🤖 AI Summary
Autonomous driving systems suffer from high computational overhead: while existing attention mechanisms implicitly filter interacting agents, their quadratic complexity O(n²) hinders real-time inference in dense traffic scenarios. This paper proposes a reinforcement learning–based dynamic agent selection method that formulates critical agent identification as a Markov decision process. A reward-driven policy learns the relevance of each dynamic agent (e.g., vehicles, pedestrians) to ego-vehicle behavior and generates binary saliency masks. Integrated with a pre-trained behavioral model, the approach enables efficient attention pruning while preserving safety, traffic throughput, and overall progress. Experiments on large-scale driving datasets demonstrate substantial input dimensionality reduction—up to an order of magnitude—without degrading decision-making performance. The method establishes a new paradigm for lightweight, interpretable autonomous driving decision-making.
📝 Abstract
Human drivers focus only on a handful of agents at any one time. On the other hand, autonomous driving systems process complex scenes with numerous agents, regardless of whether they are pedestrians on a crosswalk or vehicles parked on the side of the road. While attention mechanisms offer an implicit way to reduce the input to the elements that affect decisions, existing attention mechanisms for capturing agent interactions are quadratic, and generally computationally expensive.
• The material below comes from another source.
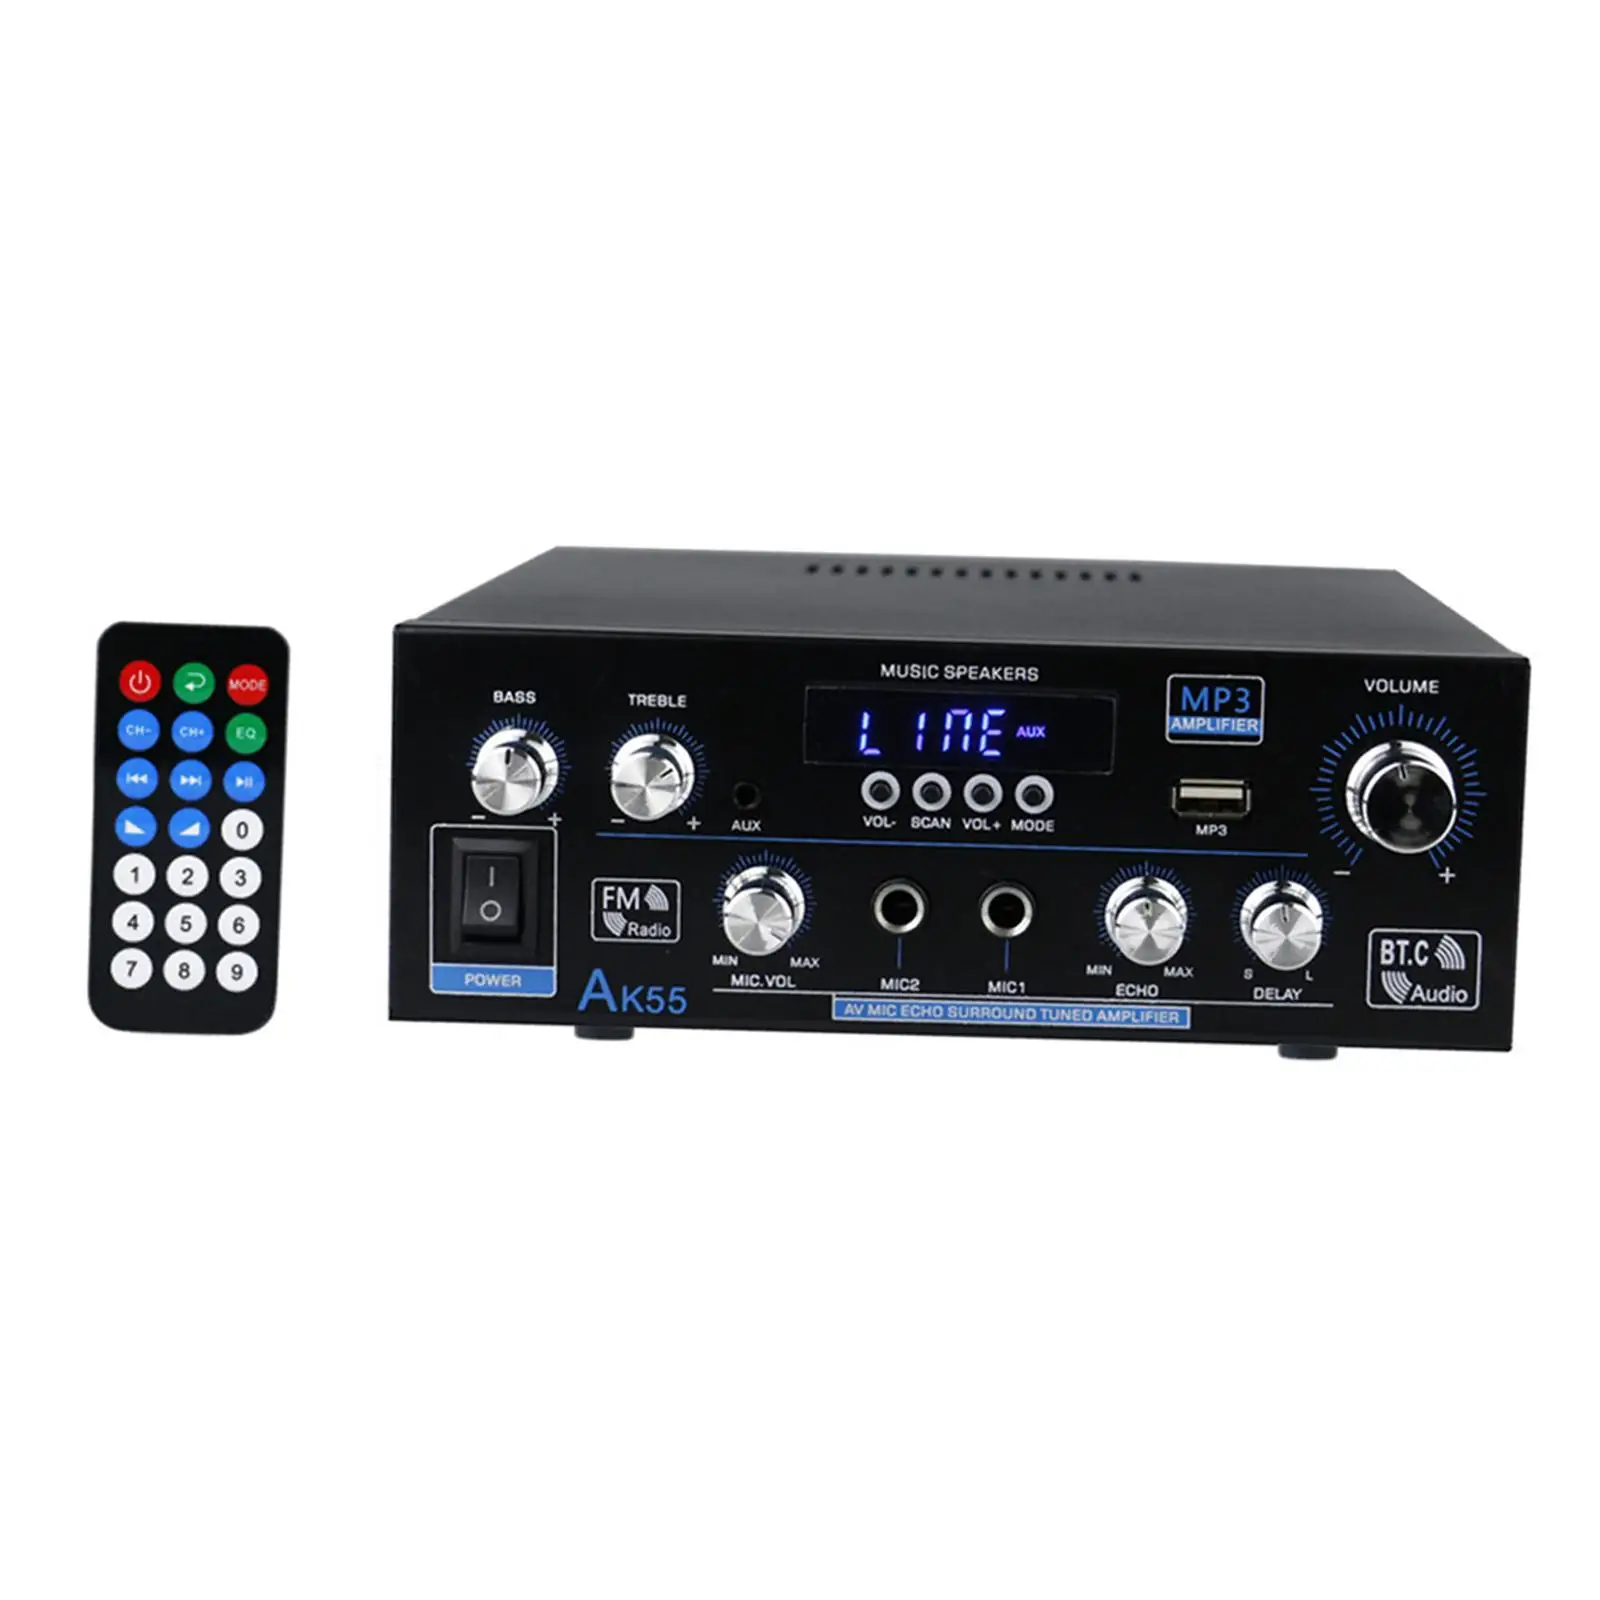 Digital Power Amplifier 110-240V 2.0 CH Echo Reverb Delay for Car Home Bar Party HiFi Stereo Amp Speaker Receiver European
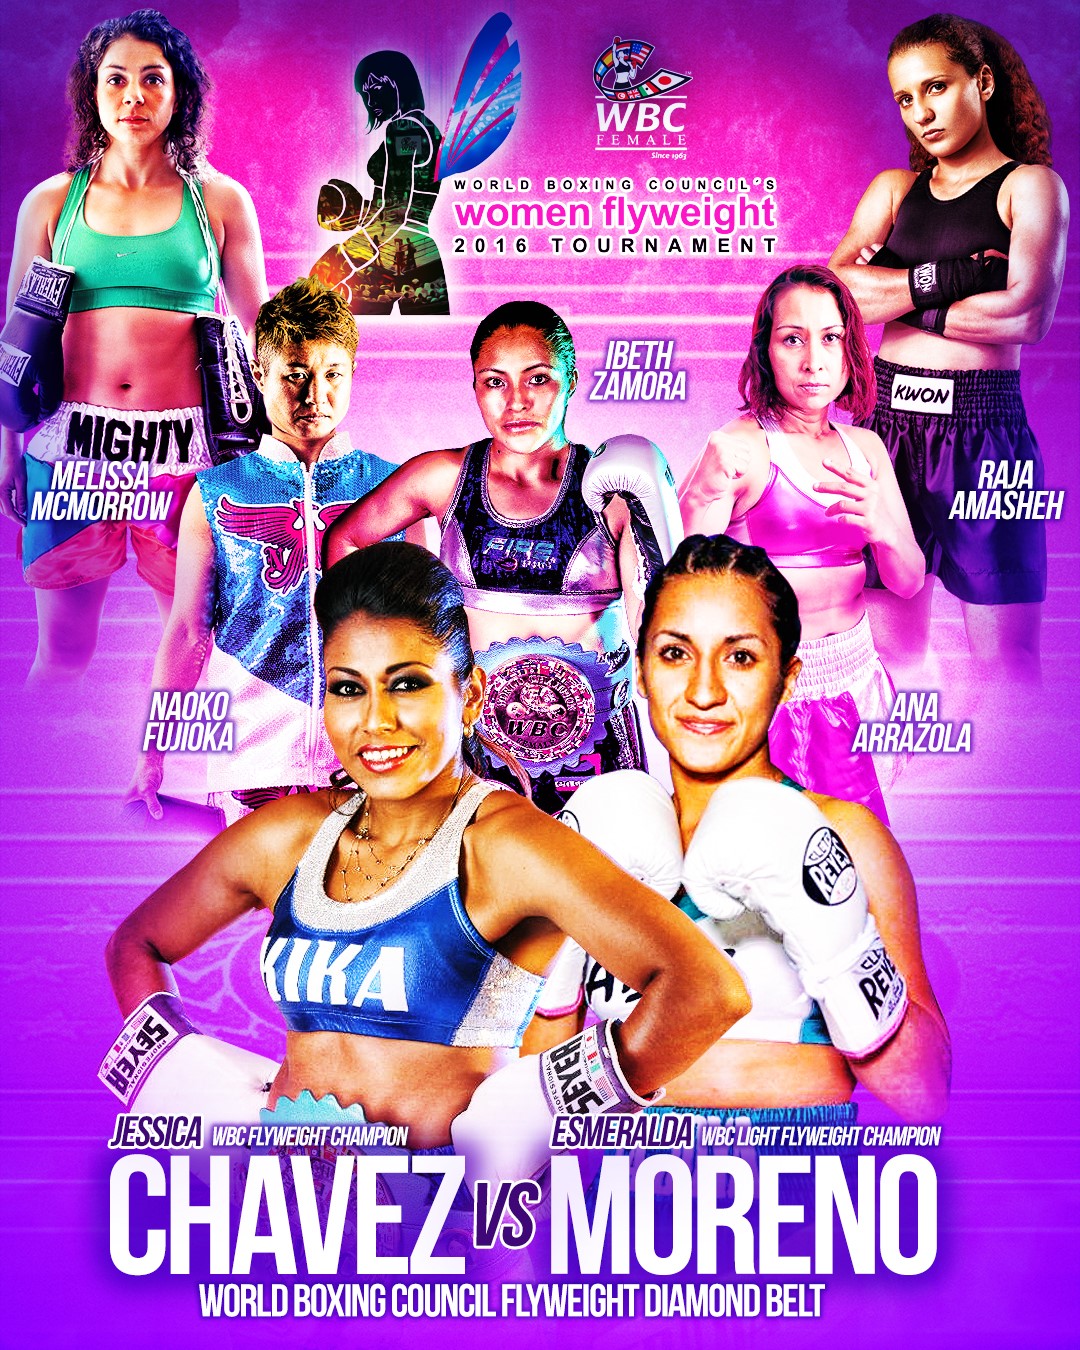 Chavez vs. Moreno WBC Diamond Belt Championship to Contribute to Mexico Earthquake Relief

We propose RDAR, a strategy to learn per-agent relevance -- how much each agent influences the behavior of the controlled vehicle -- by identifying which agents can be excluded from the input to a pre-trained behavior model. We formulate the masking procedure as a Markov Decision Process where the action consists of a binary mask indicating agent selection. We evaluate RDAR on a large-scale driving dataset, and demonstrate its ability to learn an accurate numerical measure of relevance by achieving comparable driving performance, in terms of overall progress, safety and performance, while processing significantly fewer agents compared to a state of the art behavior model.